TESTING/INFERENCE AUGMENTATION
glenn-jocher opened this issue · 28 comments
🚀 Feature
This issue covers test-time augmentation 07d2f0a, the practice of merging results form multiple augmented versions of the same image to obtain a higher mAP. We've implemented 2 types of augmentations: left-right flip and scale. Machine is a P100 Colab instance.
python3 test.py --img 608 --data coco2014.data --batch 16
augmentation | mAP@0.5:0.95 | mAP@0.5 | time (ms) |
---|---|---|---|
default (no augment) | 41.8 | 61.8 | 12.7 |
default + flip lr | 42.6 | 62.6 | 25.8 |
default + scale 1.2x | 39.5 | 60.4 | 25.7 |
default + scale 1.1x | 41.1 | 62 | 25.8 |
default + scale 0.9x | 43.2 | 63 | 25.7 |
default + scale 0.8x | 43.4 | 63.2 | 25.8 |
default + scale 0.7x | 43.6 | 63.3 | 25.8 |
default + scale 0.6x | 43.3 | 63 | 25.8 |
default + scale 0.5x | 43 | 62.7 | 25.6 |
default + scale 0.6x + scale 0.8x | 43.7 | 63.4 | 39.9 |
default + flip lr + scale 0.7x | 44.1 | 63.8 | 39.9 |
default + merge(flip lr + scale 0.7x) | 43.7 | 63.7 | 26.9 |
Current best:
Average Precision (AP) @[ IoU=0.50:0.95 | area= all | maxDets=100 ] = 0.441
Average Precision (AP) @[ IoU=0.50 | area= all | maxDets=100 ] = 0.638
Average Precision (AP) @[ IoU=0.75 | area= all | maxDets=100 ] = 0.473
Average Precision (AP) @[ IoU=0.50:0.95 | area= small | maxDets=100 ] = 0.253
Average Precision (AP) @[ IoU=0.50:0.95 | area=medium | maxDets=100 ] = 0.484
Average Precision (AP) @[ IoU=0.50:0.95 | area= large | maxDets=100 ] = 0.591
Average Recall (AR) @[ IoU=0.50:0.95 | area= all | maxDets= 1 ] = 0.354
Average Recall (AR) @[ IoU=0.50:0.95 | area= all | maxDets= 10 ] = 0.579
Average Recall (AR) @[ IoU=0.50:0.95 | area= all | maxDets=100 ] = 0.635
Average Recall (AR) @[ IoU=0.50:0.95 | area= small | maxDets=100 ] = 0.458
Average Recall (AR) @[ IoU=0.50:0.95 | area=medium | maxDets=100 ] = 0.681
Average Recall (AR) @[ IoU=0.50:0.95 | area= large | maxDets=100 ] = 0.782
@glenn-jocher
Great improvement.
great, this tech is used in training or only testing?

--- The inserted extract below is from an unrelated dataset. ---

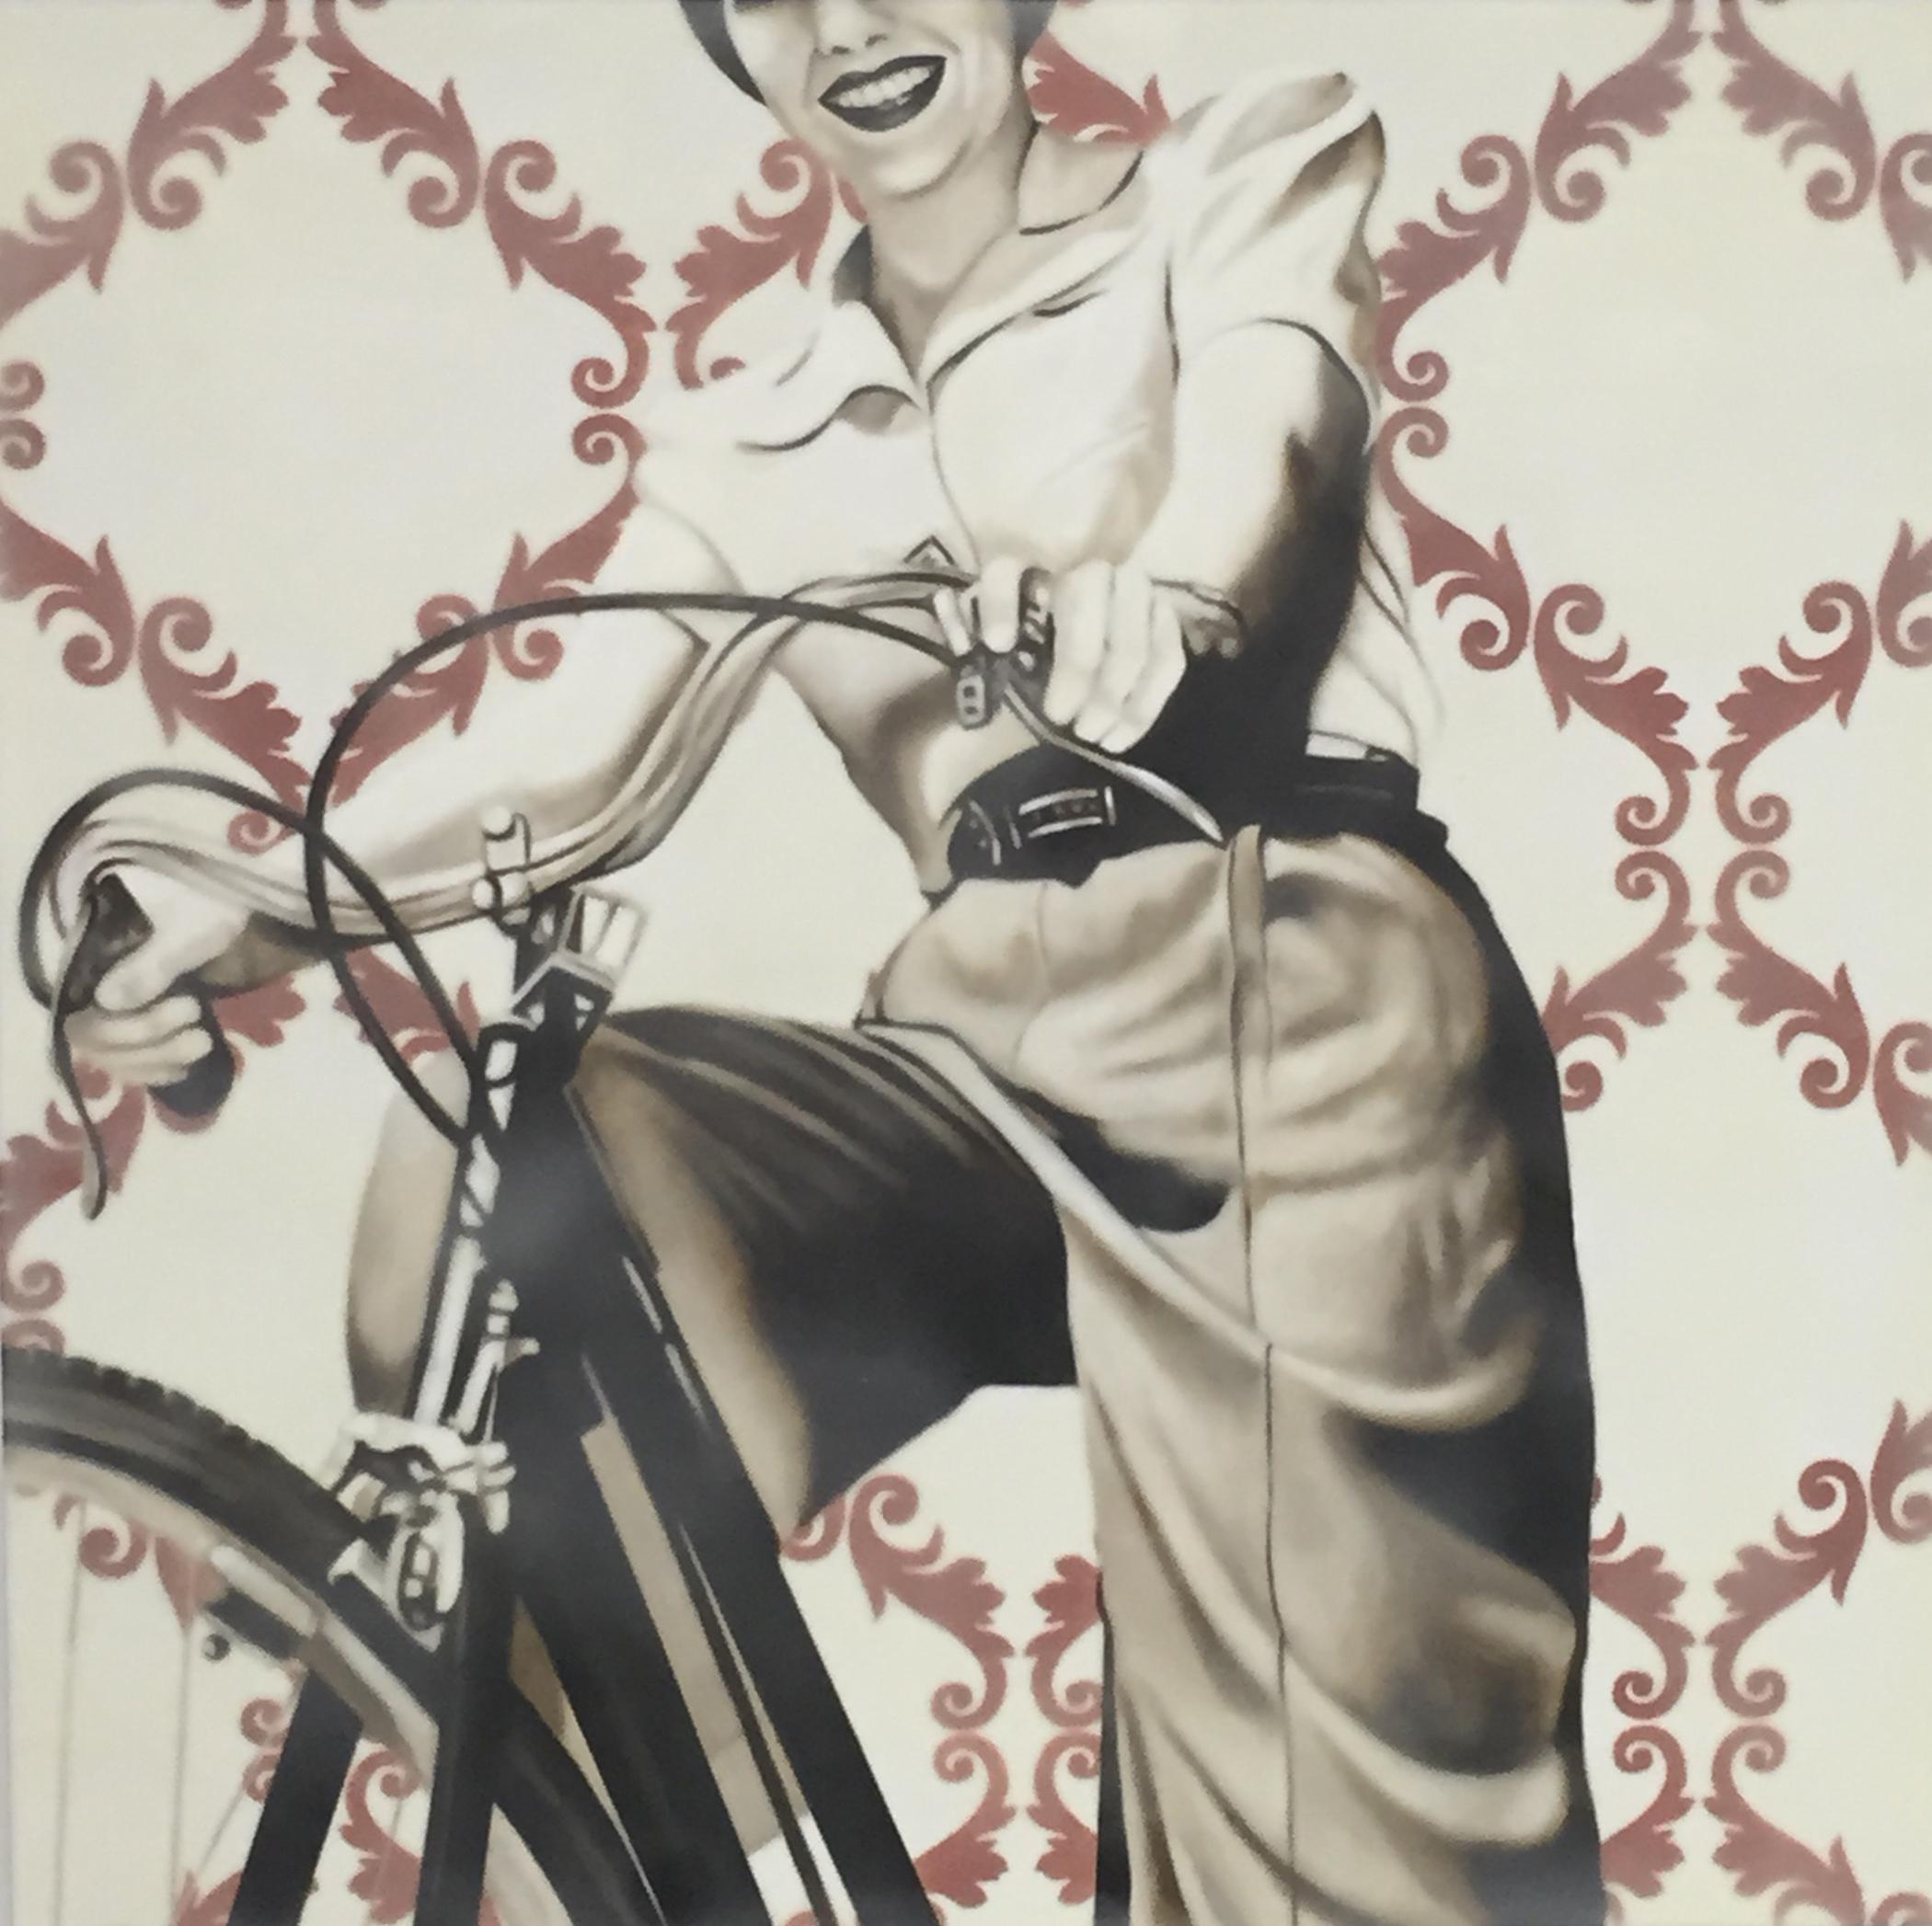 Bike Ride 30x30 (oil and encaustic wax) | Courtesy of Jhina Alvarado

@Lornatang So, this tech is some other kinds of merge?
what does the last line of the tabel "merge" mean?
@Lornatang @Zzh-tju yes these are great results! Since the inference speed is so fast compared to other object detection models, I think we can run several test time augmentations to increase our test mAP while still beating other models in single-image inference speed.
The merge was a really interesting idea I had to combine two operations (a 0.7 scale and left-right flip) into one added image, so that only two images need to be analyzed (the original and the augmented). This is a speed-accuracy compromise, as it shows higher mAP than any other single operation, but not quite as high as adding each operation seperately (for 3 inference images total). But it is much faster (28ms vs 40ms).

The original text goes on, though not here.